Depuis qu'il a envoyé ses chaussures sur la tête du
terroriste américain Bush, en signe d'adieu de
l'Irak, le journaliste Muntazar Zaydî est devenu le
héros national dans le monde arabe. Partout, des
manifestations, des rassemblements de soutien, des
articles, des hommages, dont celui-ci, en toute
modestie.
Muntazar Zaydî a relevé la tête des masses arabes,
qui se sont vues toutes entières en train de lancer
leurs chaussures sur la tête de ce criminel.
Certains journalistes, voulant paraître
professionnels, modernistes, occidentalisés, font la
moue. Ils auraient été d'accord si.... D'autres
responsables politiques, se haussant au-dessus des
masses, essaient d'en parler avec détachement, comme
s'il s'agissait d'un acte banal, pour montrer à
leurs maîtres, américains, occidentaux en général,
qu'ils ne sont pas comme ces foules excitées, qu'ils
réfléchissent, qu'ils savent analyser, à tête
froide.
Moi, je l'avoue, j'ai
adoré le geste, et j'ai souhaité que les chaussures
touchent ce criminel en plein front. J'ai même
souhaité que les chaussures aient plus d'effet que
de simples coups. Et je suis certaine que des
milliers et des milliers d'Arabes, et d'autres,
comme Hugo Chavez, par exemple, auraient voulu la
même chose. Peu nous importe qu'il soit journaliste,
que ce geste soit professionnel ou pas, mais le
geste est symbolique. Il résume la situation.
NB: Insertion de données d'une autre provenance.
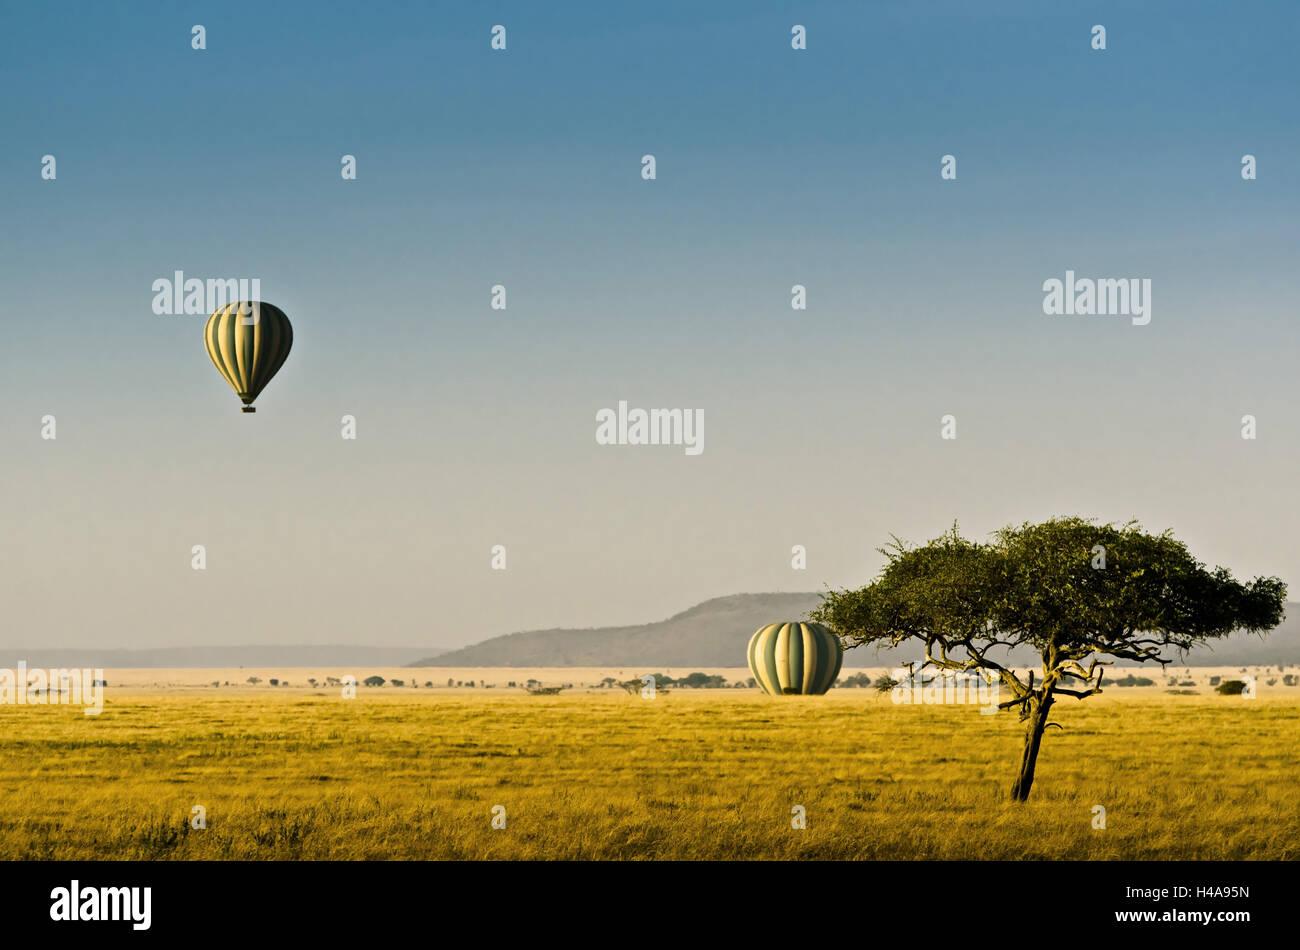 Afrika, Tansania, Ostafrika, Serengeti, Nationalpark, Ballon, Heißluftballon, Ballonfahrt, Stockbild

Mais nos sentiments indiquent notre frustration,
aussi. Jusqu'à quand allons-nous applaudir les héros
et ne pas les imiter ? Jusqu'à quand allons-nous
faire la surenchère pour de simples gestes, mais
significatifs, sans pouvoir oser faire de même ?
L'hommage, le véritable hommage par lequel on
pourrait célébrer le geste de Muntazar Zaydî, c'est
de faire la même chose, c'est d'oser frapper
l'ennemi, oser se lever devant lui, oser lui cracher
à la face notre haine, oser l'affronter. Nous en
sommes capables car nous le désirons si fort, mais
jusqu'à quand allons-nous continuer à vivre, par
procuration, des gestes héroïques comme celui-là ?
Des jeux internet sont
parus, pour que nous puissions nous défouler, battre
Bush avec une, deux, trois chaussures. La première
idée qui nous traverse l'esprit c'est : qui veut
nous aider à nous défouler ? Quoi de plus simple que
de lancer des chaussures fictives sur une tête
fictive et faire passer notre rage ? Qui a intérêt à
nous faire ravaler notre énergie dans des jeux
vidéos ???
C'est toute la question. Saurons-nous nous lever
comme Muntazar Zaydî et affronter le véritable
ennemi ??? Et ne pas, ne plus nous contenter de
vivre ces moments décisifs, par procuration ??